* [Required action] Only the lines from the one with "Sade kahvem ve" to the end of the data below should be given again, exactly, with both ends included and pictures omitted.

* [Data provided]
※

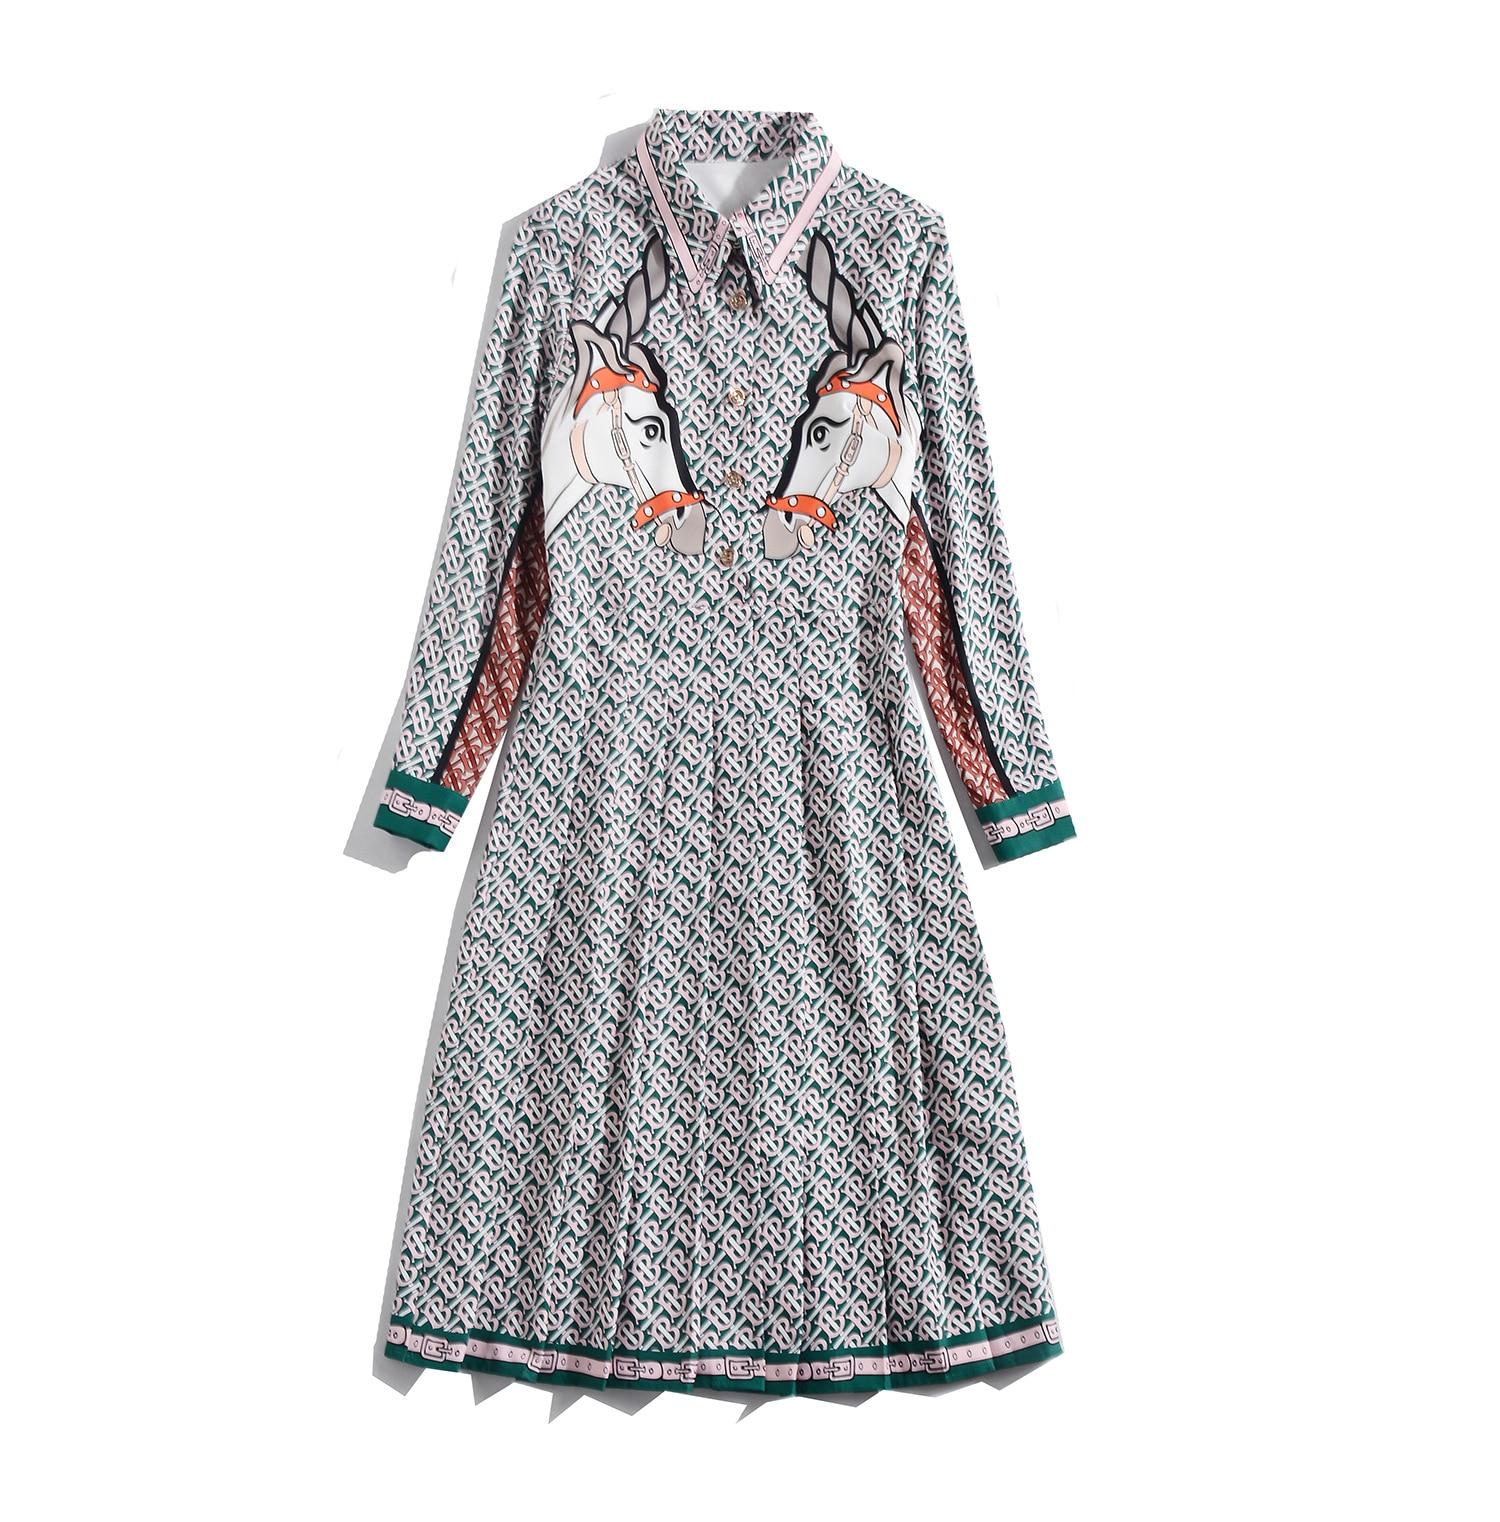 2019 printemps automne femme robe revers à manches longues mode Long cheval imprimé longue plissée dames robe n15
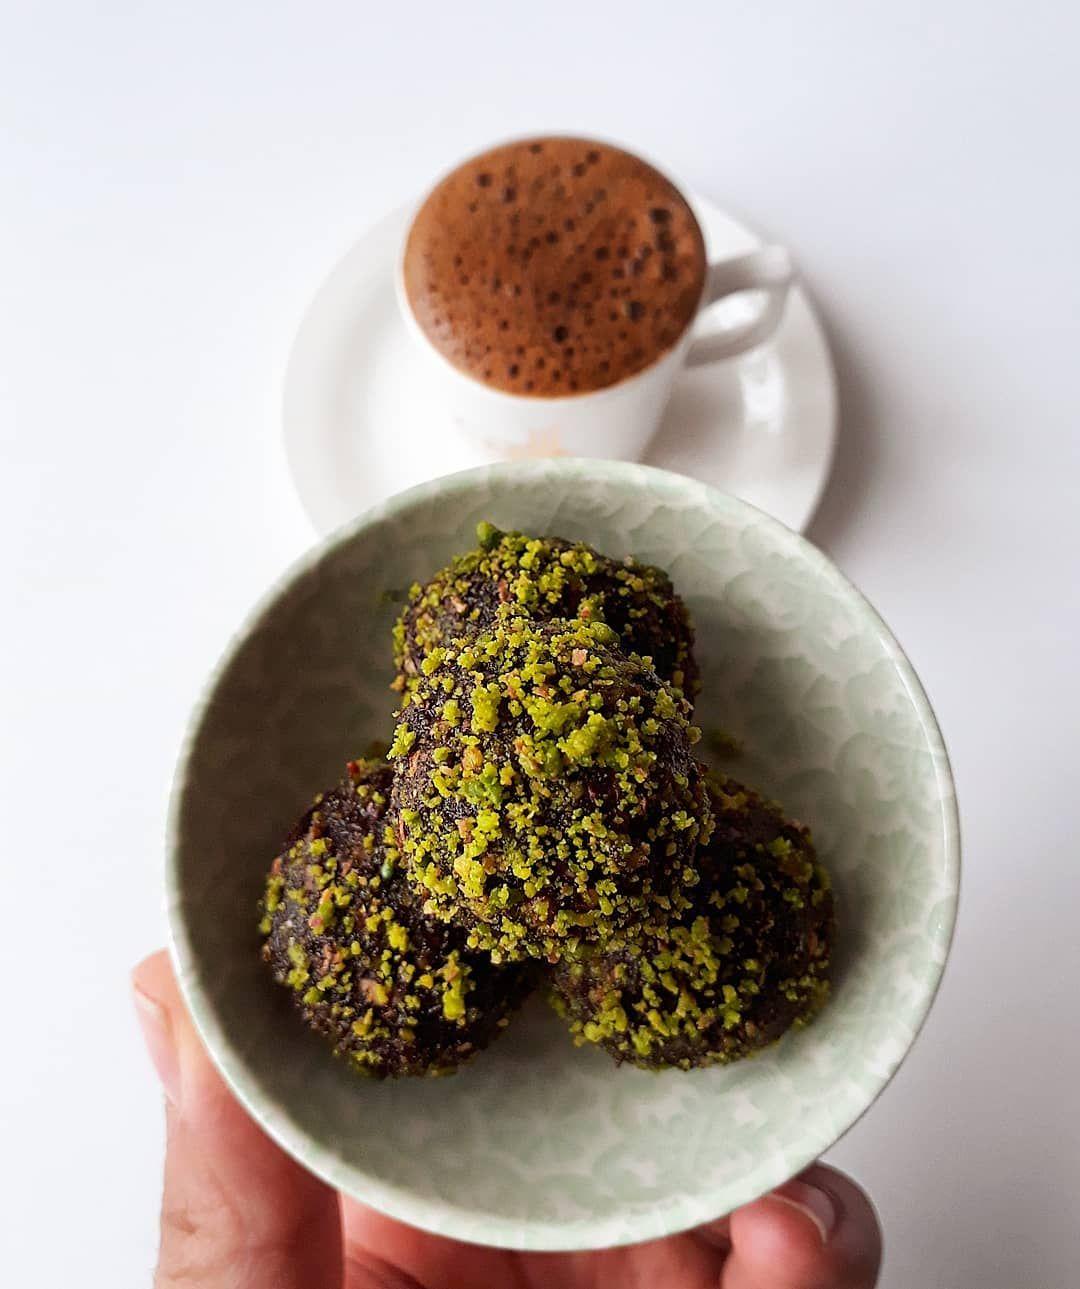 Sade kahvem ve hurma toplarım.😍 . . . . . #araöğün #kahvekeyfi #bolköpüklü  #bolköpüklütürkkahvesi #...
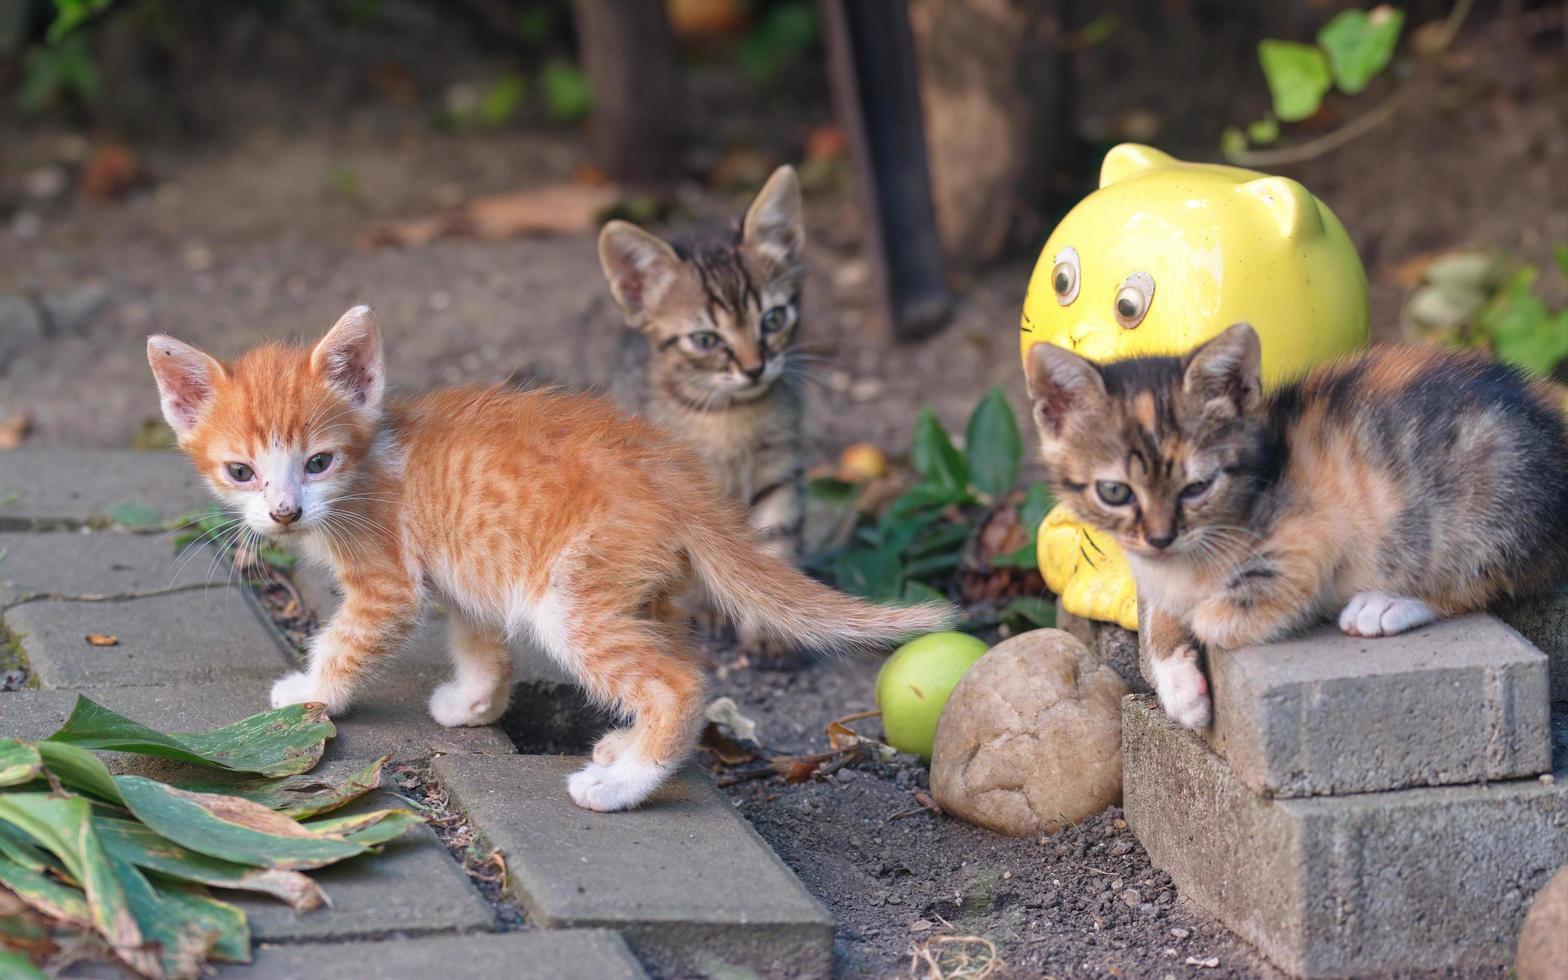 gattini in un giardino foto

※

* [Solution]
 Sade kahvem ve hurma toplarım.😍 . . . . . #araöğün #kahvekeyfi #bolköpüklü  #bolköpüklütürkkahvesi #...
 gattini in un giardino foto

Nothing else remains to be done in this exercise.